Fifty miles south of Catania, the ancient city of Syracuse is located on the small island of Ortygia. Because the area was covered by swamps, the Greeks called the city Sirako which means marsh. Syracuse had a brilliant historic period, under the jurisdiction of the Athenians, when it was the capital of Megale’ Hellas, meaning Great Greece. In 663 AD, it had a brief period of splendor when it became the capital of the Byzantine Empire.

Syracuse has approximately 135,000 inhabitants. The province is rich with water, a benefit to agriculture, in particular to the cultivation of the Pachino tomatoes, the small, sweet tomatoes that are very popular all over Italy and the world.

The renowned cuisine of Syracuse is distinguished for the simplicity of presentation and the limited number of ingredients used in the recipes. This provides the opportunity to single out and appreciate the different flavors of the ingredients used.


The ‘mpanata Siracusana is baked bread dough stuffed with bitter broccoli rabe, sweet sausages, onions and sharp Caciocavallo cheese:a unique combination of bitter-sweet-salty.
The Spartan eggplant salad, caponatina, is different from the very same dish made in other parts of Sicily. Here it is made with fried eggplant, sautéed celery, not too many capers, a few olives, sweetened vinegar and grated chocolate. Eat it cold as an unusual appetizer!
Fried bread is a snack served while waiting for dinner to start.   


Fusilli alla Siracusana is pasta with a sauce made of eggplants, peppers, olives, capers, and anchovies instead of salt. Pasta col nero dei todari, the strange-looking but delectable homemade linguine, taghiarini, with cuttlefish is served with black sauce made from the cuttlefish’s sack containing a black liquid.Ravioli di Ricotta are served with a light tomato sauce and stuffed with the local ricotta and Caciocavallo Ebleo cheese made in the province of Syracuse.
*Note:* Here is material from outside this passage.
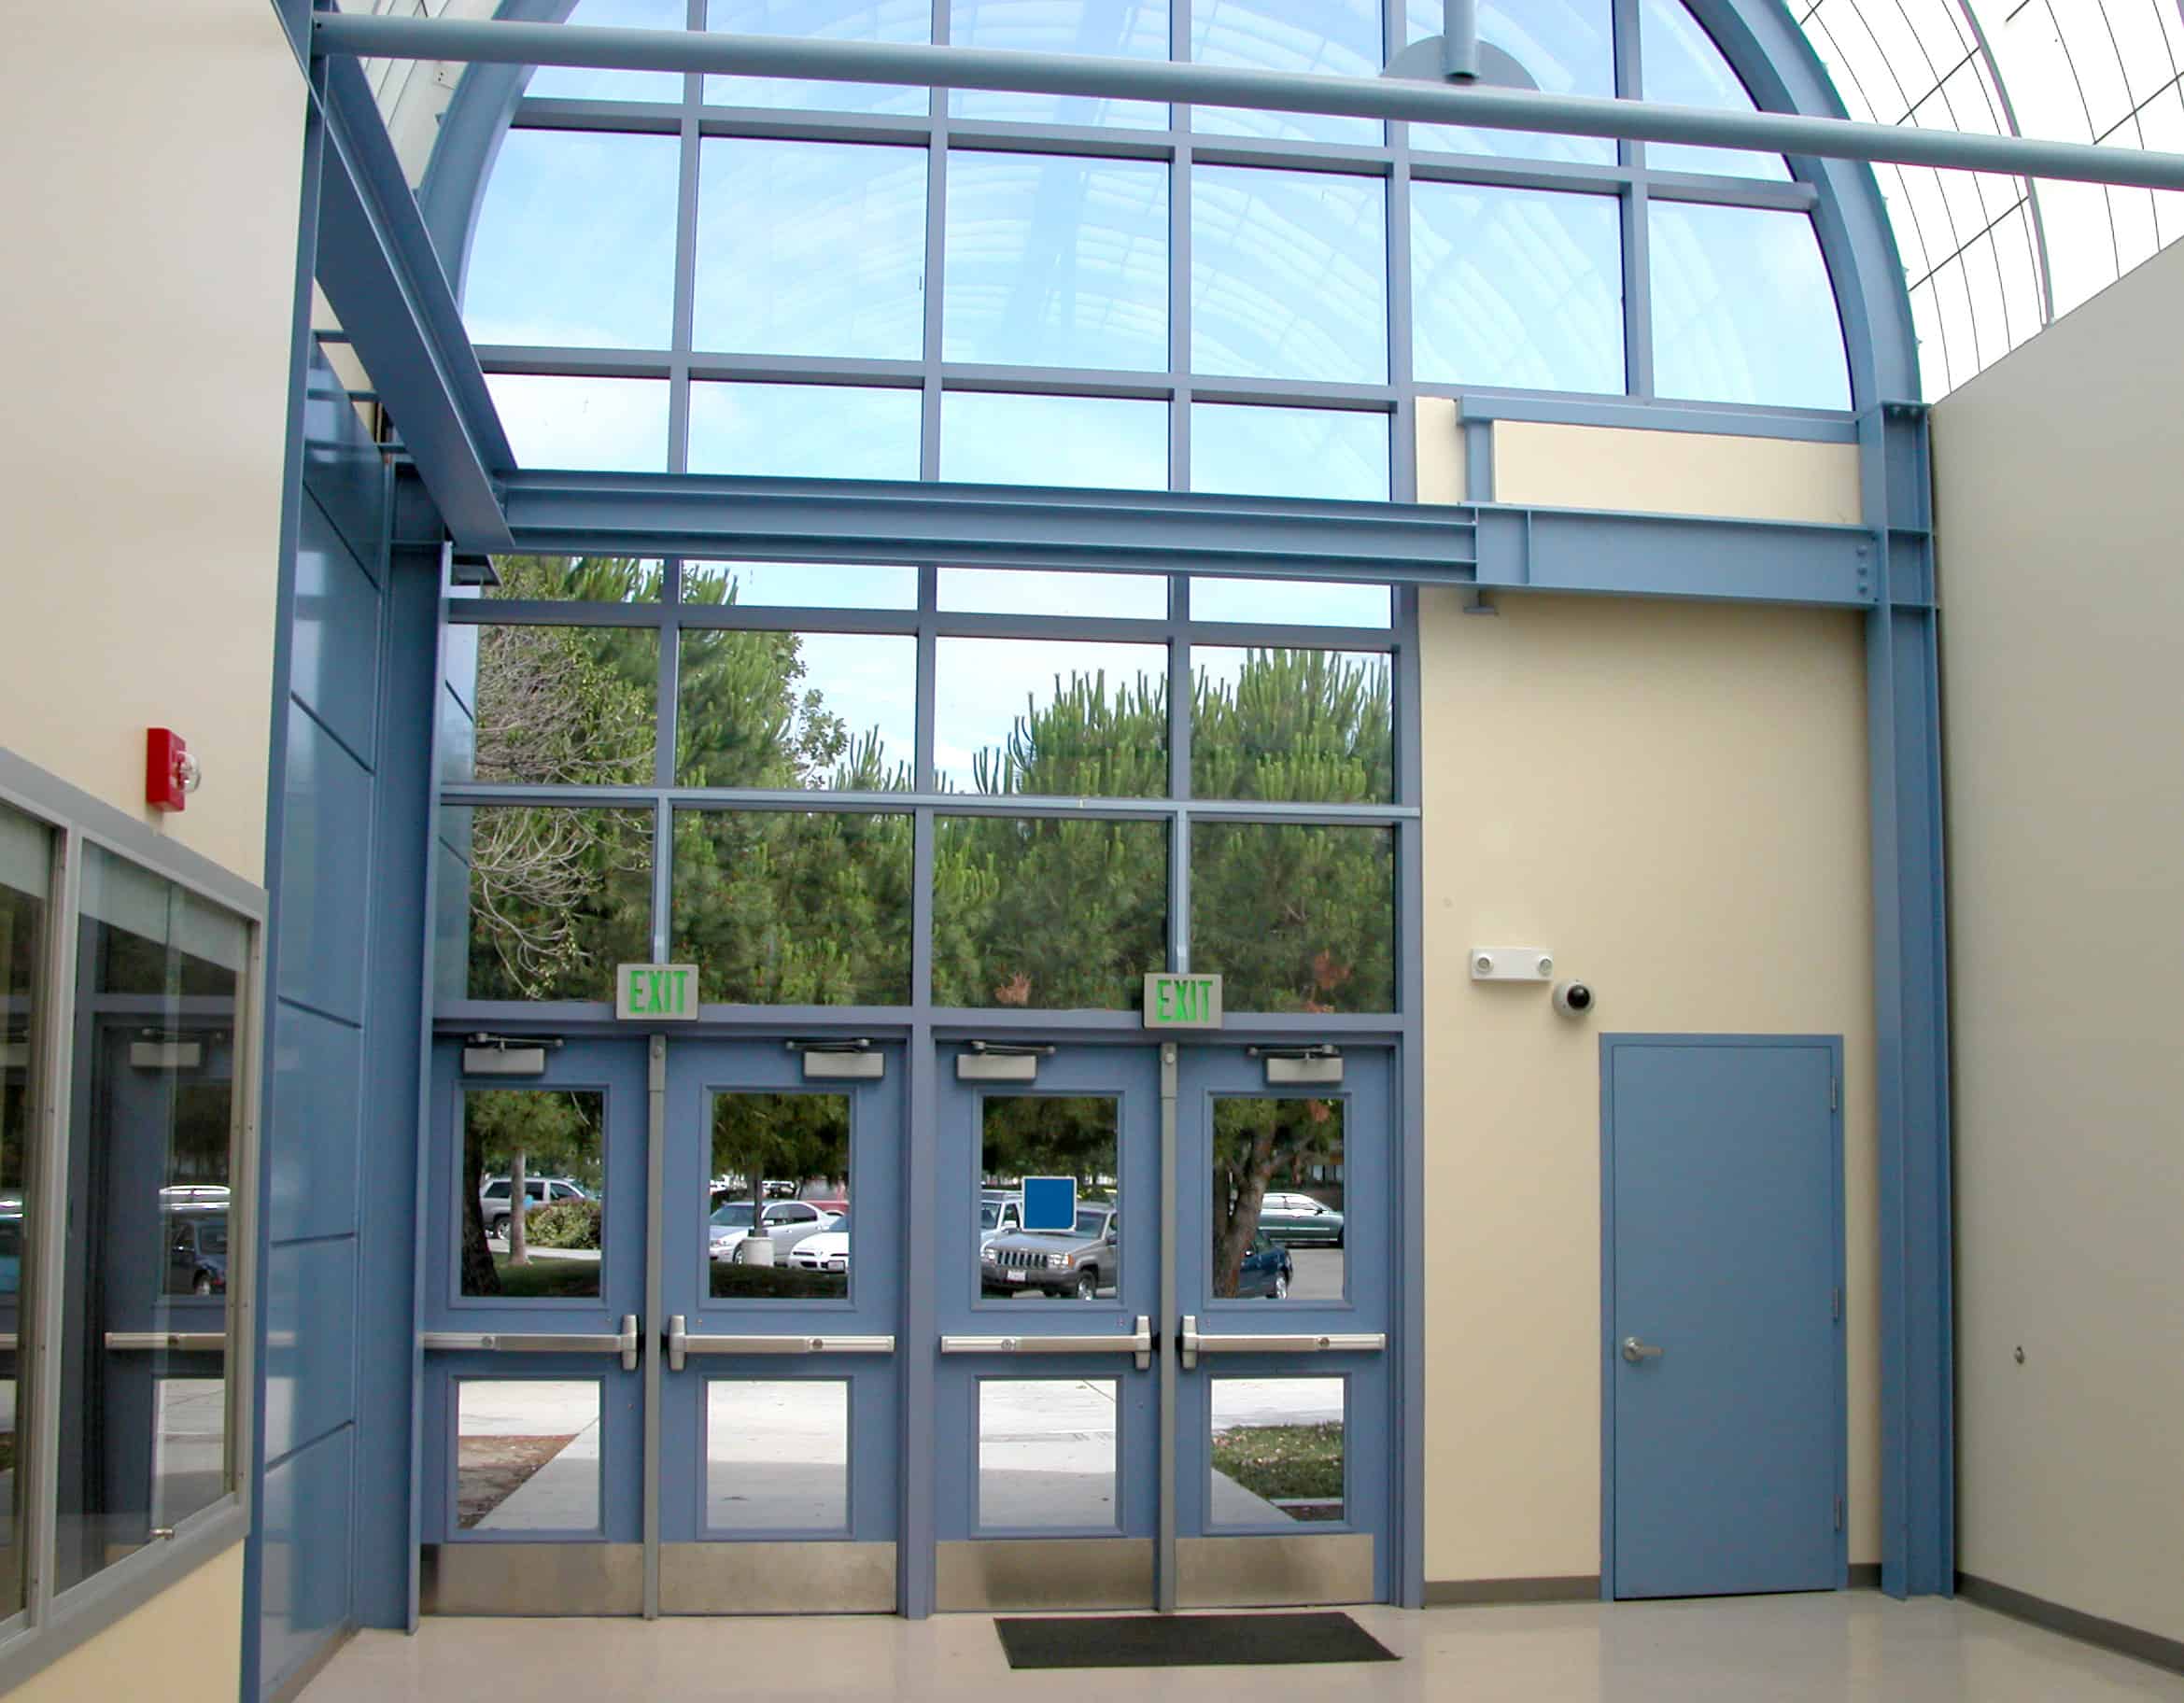 Project Profile: Newark USD Discovered the High Cost of Inexpensive Hollow Metal Doors

Pasta with ink of cuttle fish  

Rabbits, which are abundant in the region, are sautéed with onions and potatoes and then baked with wine or vinegar and sugar and called coniglio alla stemperata. Sautéed rabbits are also slowly cooked in tomato and the sauce served over homemade taghiarini, ribbon-shaped pasta. 
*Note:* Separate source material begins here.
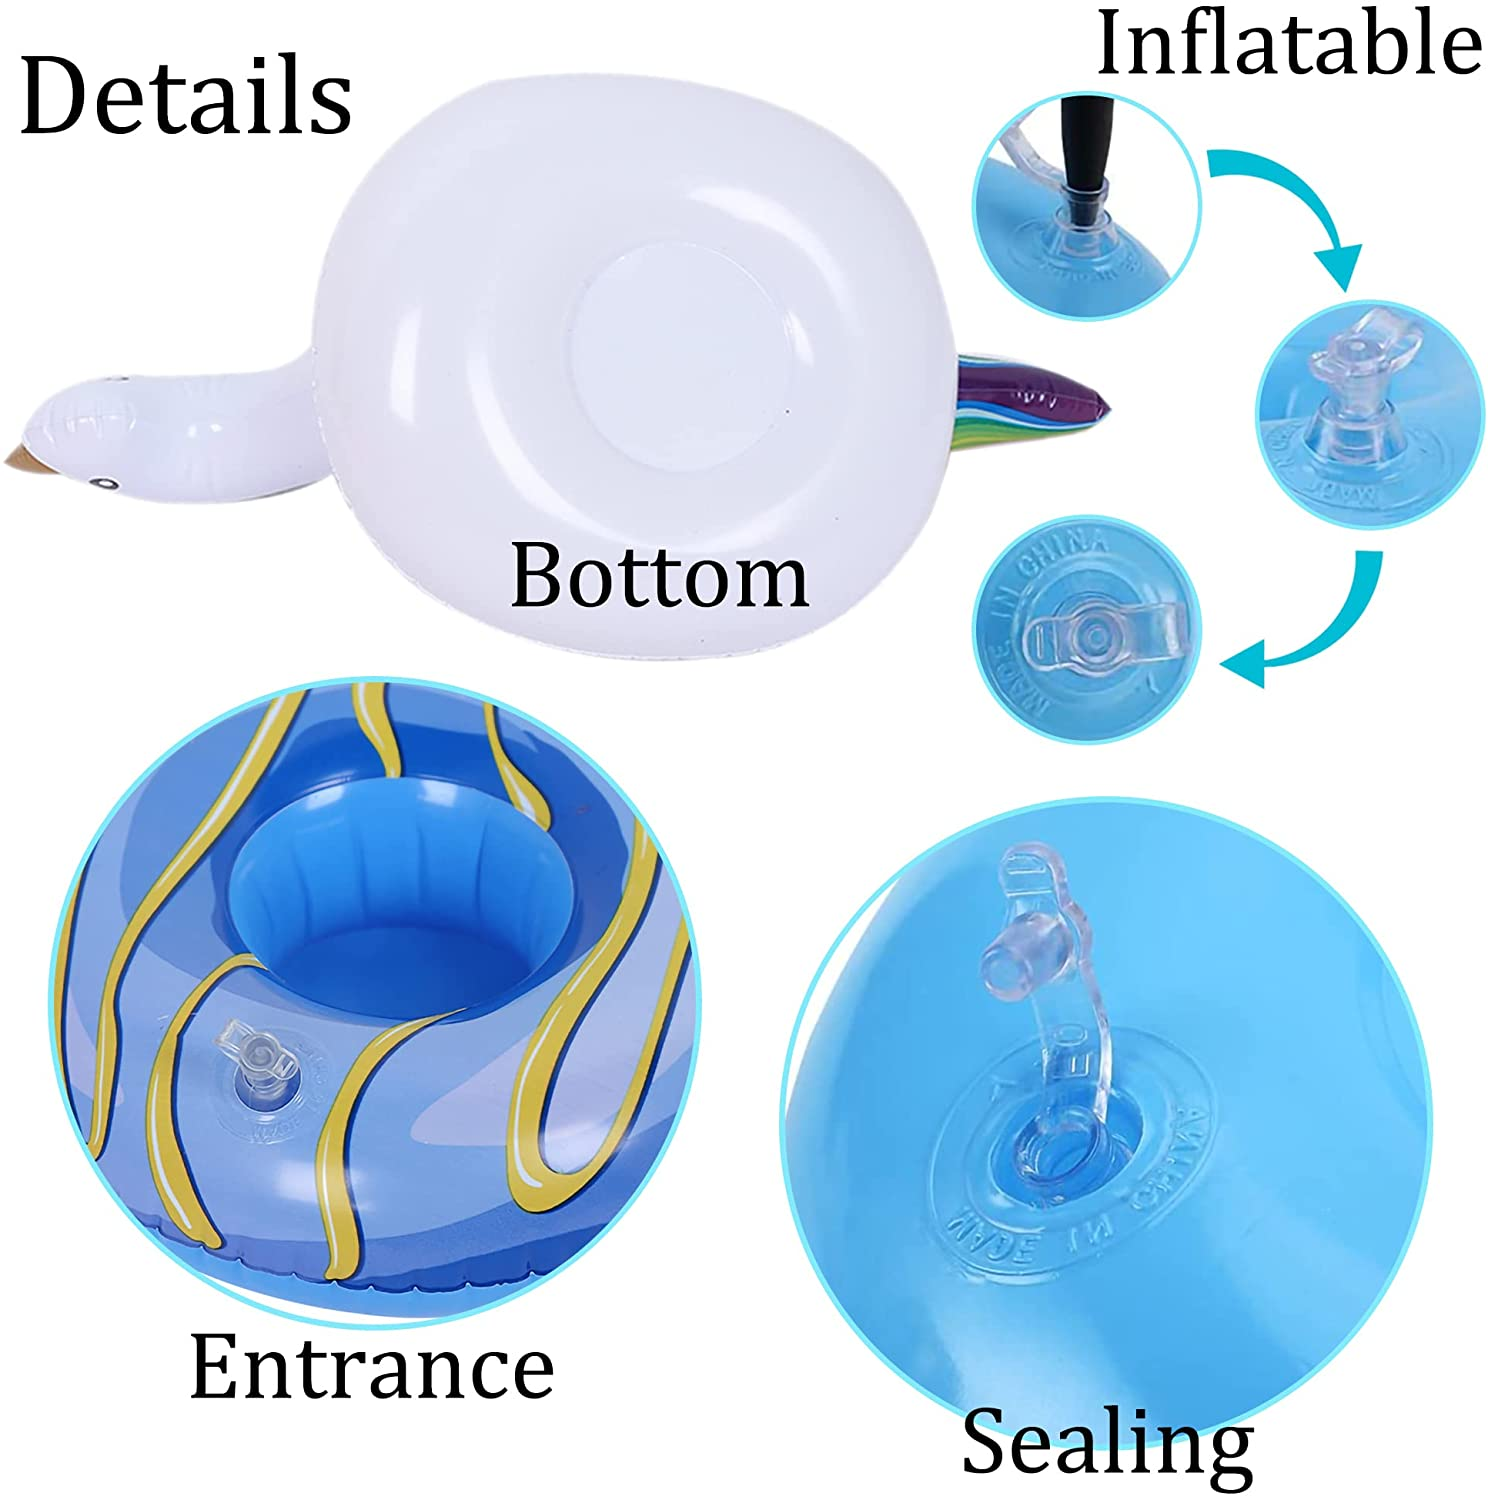 Inflatable Drink Holder 20 Pack Inflatable Cup Holders Drink Floats for Summer Pool Party, Variety Drink Floaties

The Ionian Sea, touching the shores of this province, is a fish haven and rich with a variety of fish.
Fishing is actively undertaken and beneficial to the local economy. Oyster farming is also an enterprise well expanded.
In season, tuna fish is plentiful. It is preserved by housewives and commercially processed and packed by the local factories. Tuna is grilled, covered with a sauce called salmoriglio made with local lemon, fresh oregano, parsley and olive oil. Another popular dish is tonno alla ghiotta, tuna cooked in light tomato sauce, potatoes, herbs and spices. Grilled eels, which are copious in the marshes surrounding Syracuse, are another local specialty. Zuppa di pesce, soup of fish made in Syracuse is unique in taste and in the cooking technique used. Tender and lemony octopus salad can be served as a main dish or appetizer. A very uncomplicated pasta with local creamy ricotta cheese and no other ingredients iis another much sought-after Syracuse dish. 
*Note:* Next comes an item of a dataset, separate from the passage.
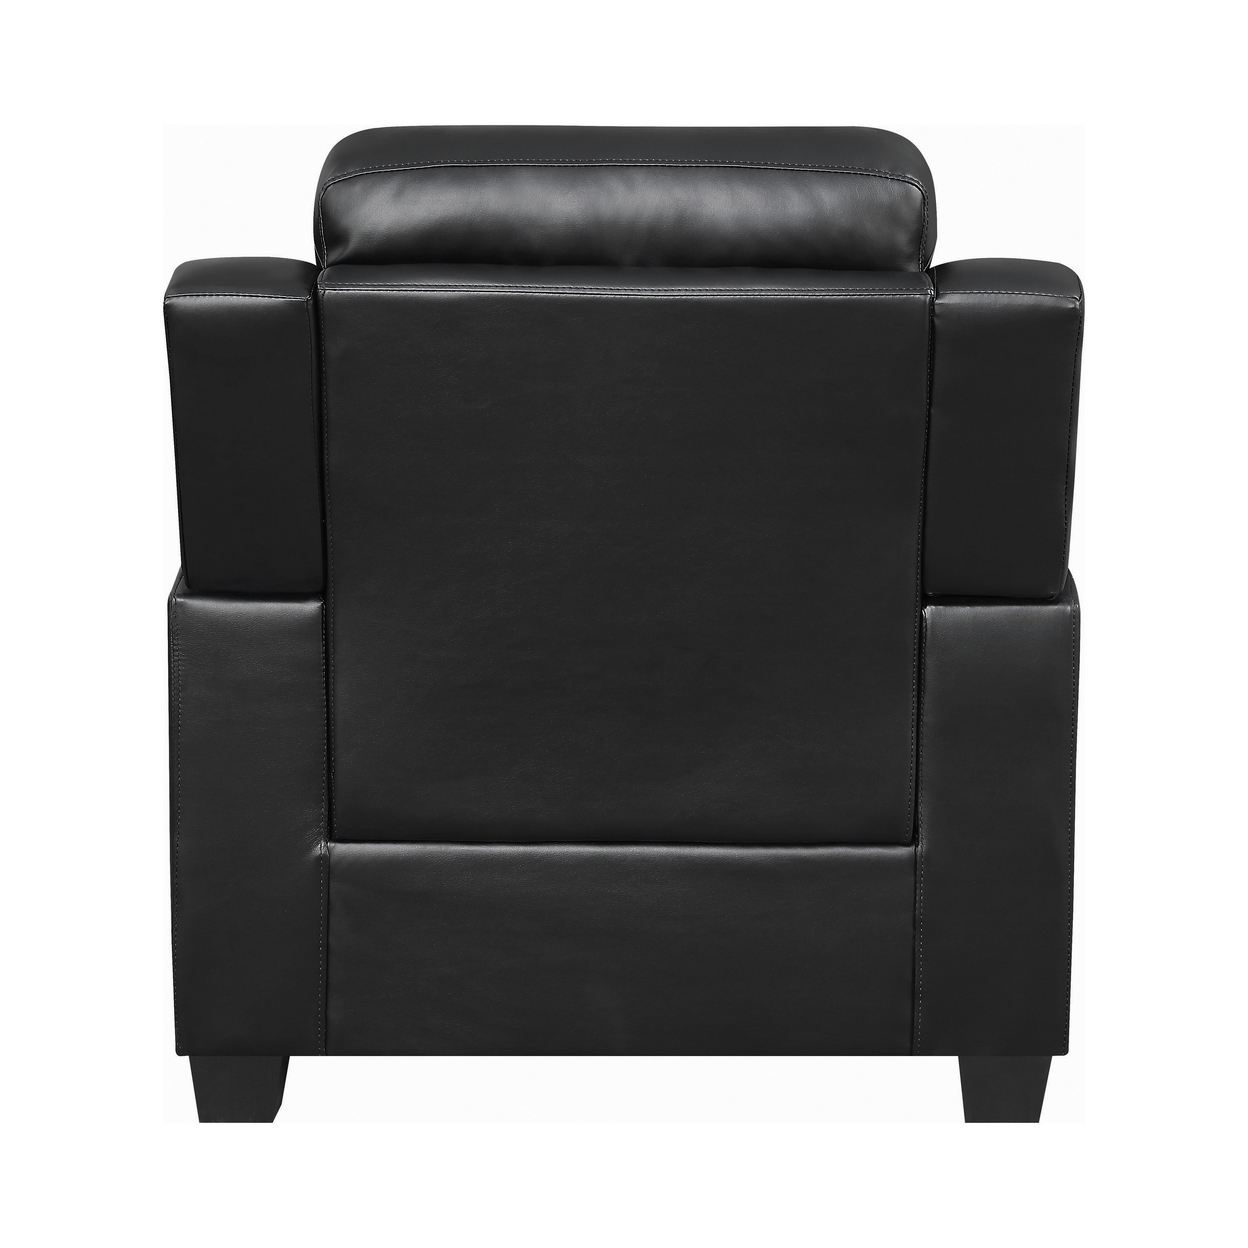 Finley Tufted Upholstered Chair Black - image 3 of 5

Many vegetables are offered as side dishes; chickpeas and fava are preferred. The popular ceci all’insalata, are boiled chickpeas served with oil and vinegar. The plentiful fava, broad beans, either fresh or dry, are sautéed with onions or boiled with whole garlic cloves and dressed with vinegar, oil and oregano or just salt and pepper for a snack.
In Syracuse, artichokes are stuffed with a combination of local cheese, parsley, garlic, and onion. A few drops of oil are drizzled on top and they are steamed. Very simple, very delicious!

The variety of Syracuse cheeses are famous all over the world—to name a few: the semi-fresh pecorino pepato with whole fresh pepper berries is a zesty table cheese and the Caciocavallo Siracusano, which can be mild and smooth when young and aged to 4 months or sharp-tasting  and salty when aged over 6 months. 

Let us not forget that one of the best wines in the world is the well-known Nero di Avola, made in the province of Syracuse! 

Pastries with dry figs are made in the region, as well as a variety of other mouthwatering desserts. These include: the gatto’, a sponge cake that combines ricotta with cinnamon, sugar and candied fruits; cassatedda, a baked or fried ricotta cream turnover similar to those made in Trapani; affuca parrini, plain cookies to dunk in wine; and the S-shaped biscuits called grandma cookies. Many other desserts are on hand at the conclusion of a meal or for a treat to enjoy with a cappuccino. 

The cuccia of Saint Lucy, the city’s patron, is made with cooked grain, milk and chocolate and is sampled often, but on December 13, Saint Lucy’s Day, it is a must on every table.